Last Resort’s recommended dinner: Pork shoulder stuffed with chorizo and spices.

Dessert
Condor Chocolates
1658 S. Lumpkin St.
Peter Dale ABJ ’99 and Nick Dale BS ’04

For brothers Nick and Peter Dale, Condor Chocolates is a labor of love. Or, more accurately, a love letter to their family.

Their mother, Beatriz, is from Ecuador, and when the Dales decided to open their craft chocolate shop in Five Points, it only made sense to use Ecuadorean cacao, a product that’s as essential to the nation’s identity as the peach is to Georgia.

Named for the national bird of Ecuador, Condor is a bean-to-bar shop. Every step in the process is managed by the chocolate maker. For instance, during the Dales’ frequent trips to Ecuador, they mix family time with visits to the farmers who grow their beans. For the super-curious, the entire bean to bar process is illustrated on the shop’s wall. It’s a more expensive process that leads to a higher quality product.

“There aren’t a lot of places that can support a bean-to-bar café,” Peter says. “But the Athens community has been wonderful. With bean-to-bar, the chocolate is delicious, and it supports the farmers too.”
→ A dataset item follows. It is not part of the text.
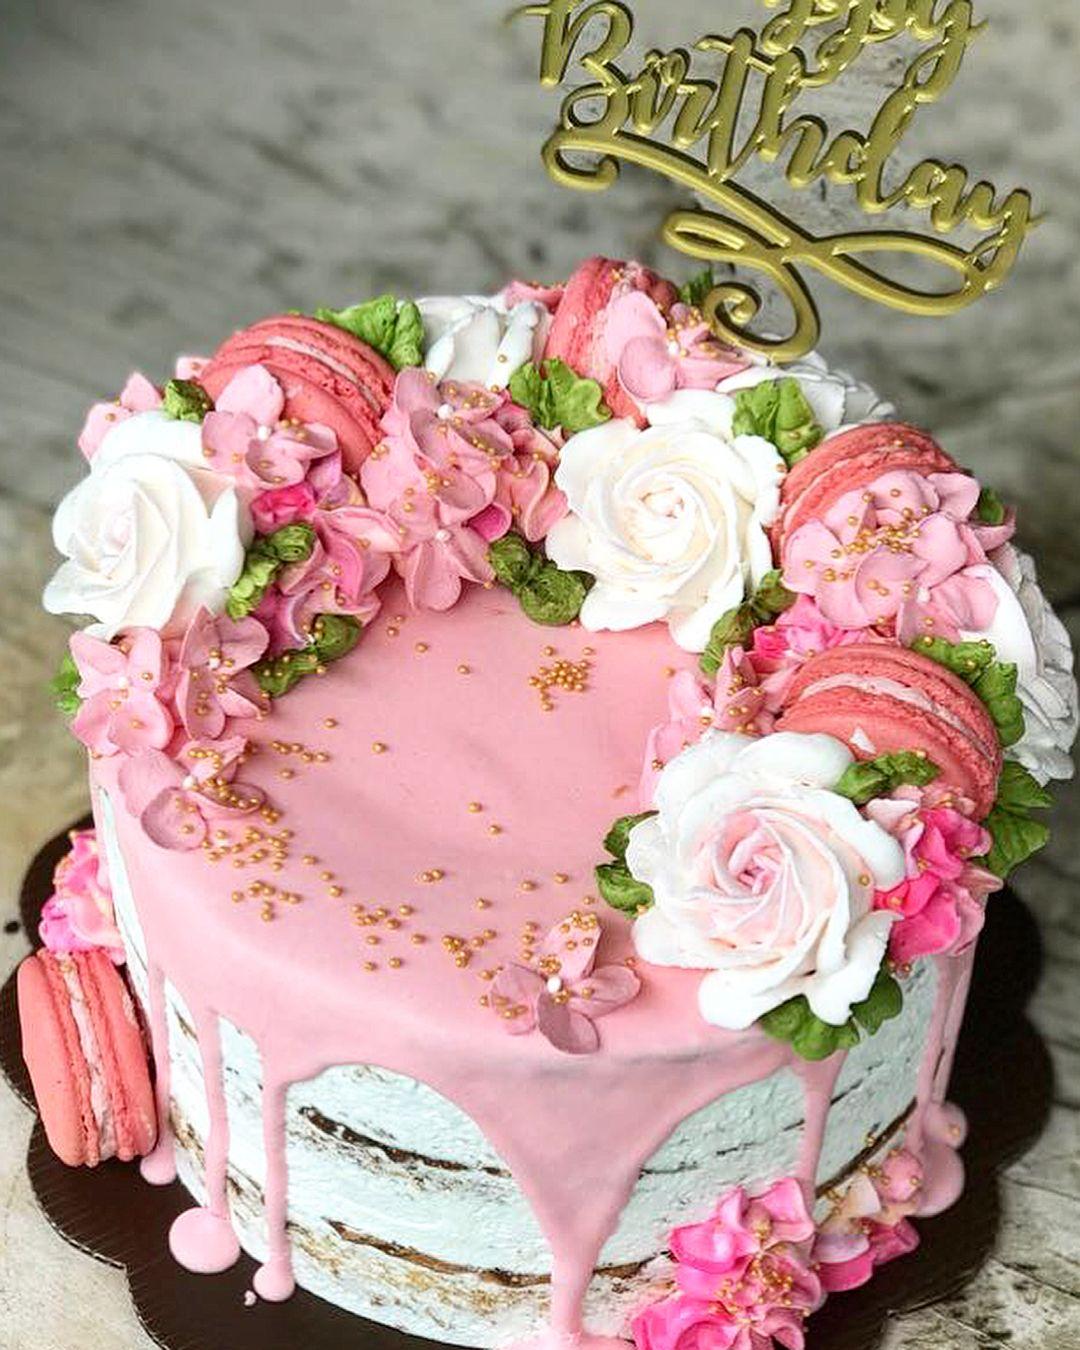 Birthday Cake Bandung : birthday, bandung, Bandung, #bandungjuara, #buttercreamcakes, #buttercreamflower, #kueulangtahun, #thecakeblogger, #kuebandung, #kekinianbanget, #birthda…, Cake,, Floral, Gorgeous, Cakes

The Dales originally made all their chocolate at the café, but the 2016 opening of their factory on Chase Street changed everything. “The factory lets us grow a bit more,” Nick says. Previously, it was not uncommon for the Dales to store more than a ton of cacao beans in the corner of their Five Points store. “It also gives us the freedom to do some small batch, limited edition products.” One of their more recent creations was a dark chocolate bar flavored with cayenne pepper.

The Dales grew up on the UGA campus. Their father, Nicholas, was a professor in the Department of Poultry Science before he retired. Peter graduated from Grady, where he learned how to challenge himself. It’s an important quality that’s helped him build one of the most impressive restaurant portfolios in the Southeast (see box). Condor represents Peter’s first partnership with his brother, and the mix of their personalities and interests makes for an ideal twosome.
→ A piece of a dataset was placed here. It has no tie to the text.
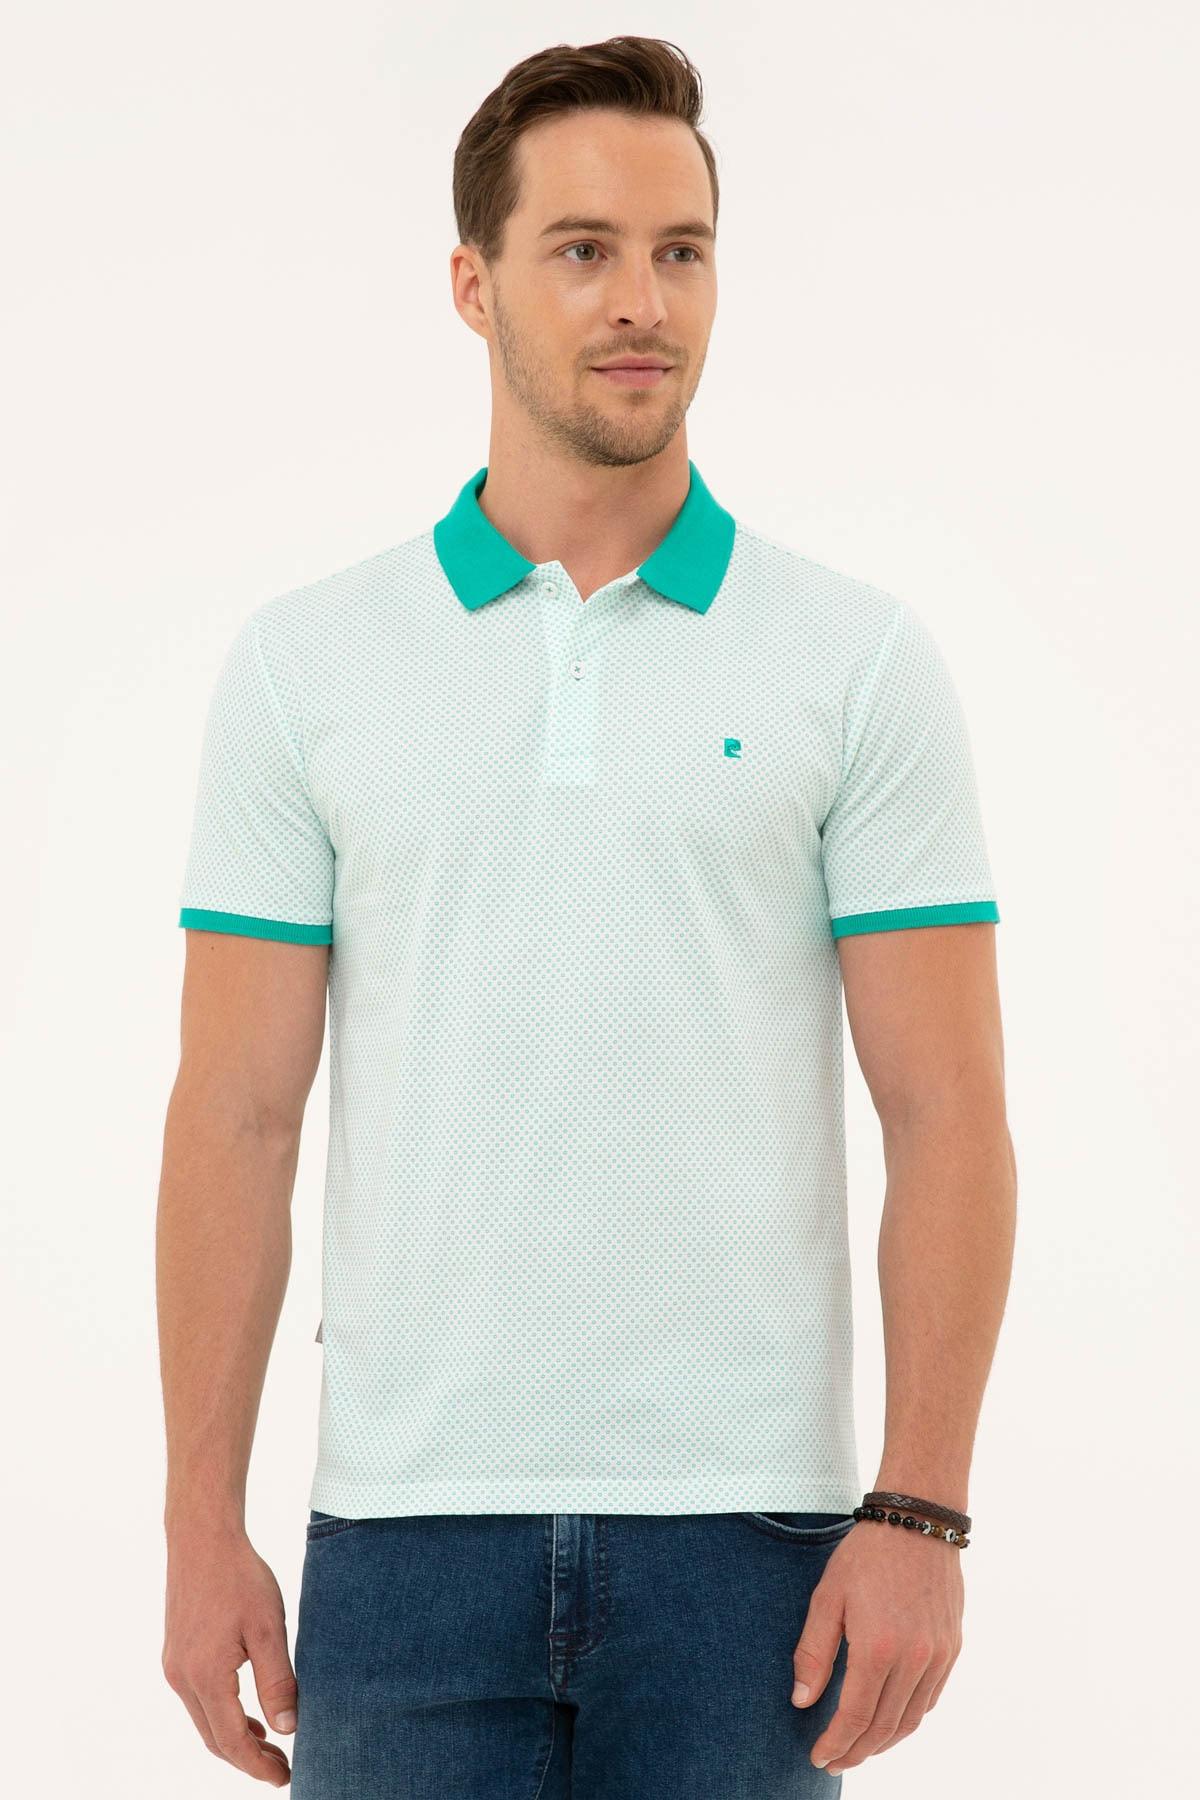 Pierre Cardin Erkek Mint Yeşil Slim Fit Polo Yaka T-Shirt 1

Nick, who handles Condor’s day-to-day operations, earned a degree in agricultural economics from the College of Agriculture and Environmental Sciences. He loves tinkering with machinery and has developed some highly sensitive taste buds over the years.
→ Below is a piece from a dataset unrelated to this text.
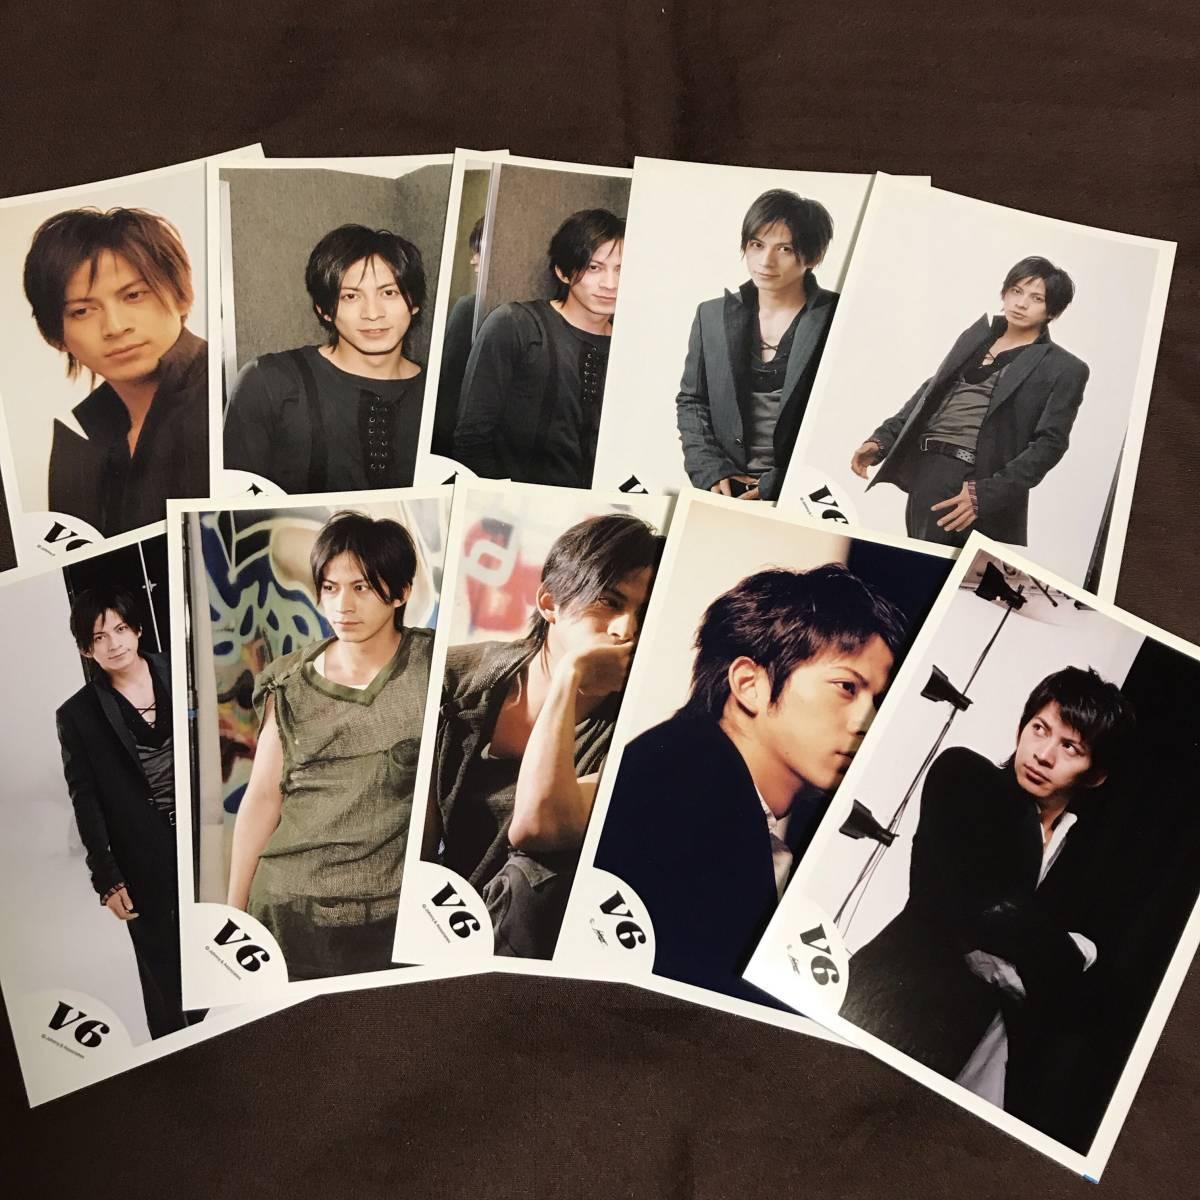 V6 岡田准一 公式写真 写真 ブロマイド グッズ ⑥ コンサートグッズの画像

“It’s always fun to see what restaurants or breweries do with our product,” he says, adding that Condor supplies cocoa nibs and other products for a variety of Athens-made products ranging from desserts to chocolate stouts. “I’m always seeing if I can taste the flavor notes of the chocolate they are using. I’m in the 1 percent of chocolate tasters who are really nerdy about it,” he laughs.

The Dales’ recommended dessert: The sipping chocolate. “It’s based on a Spanish hot cocoa recipe.” Nick says. “It’s thick and served in an espresso cup with housemade marshmallows on top. Perfect on a cool night.”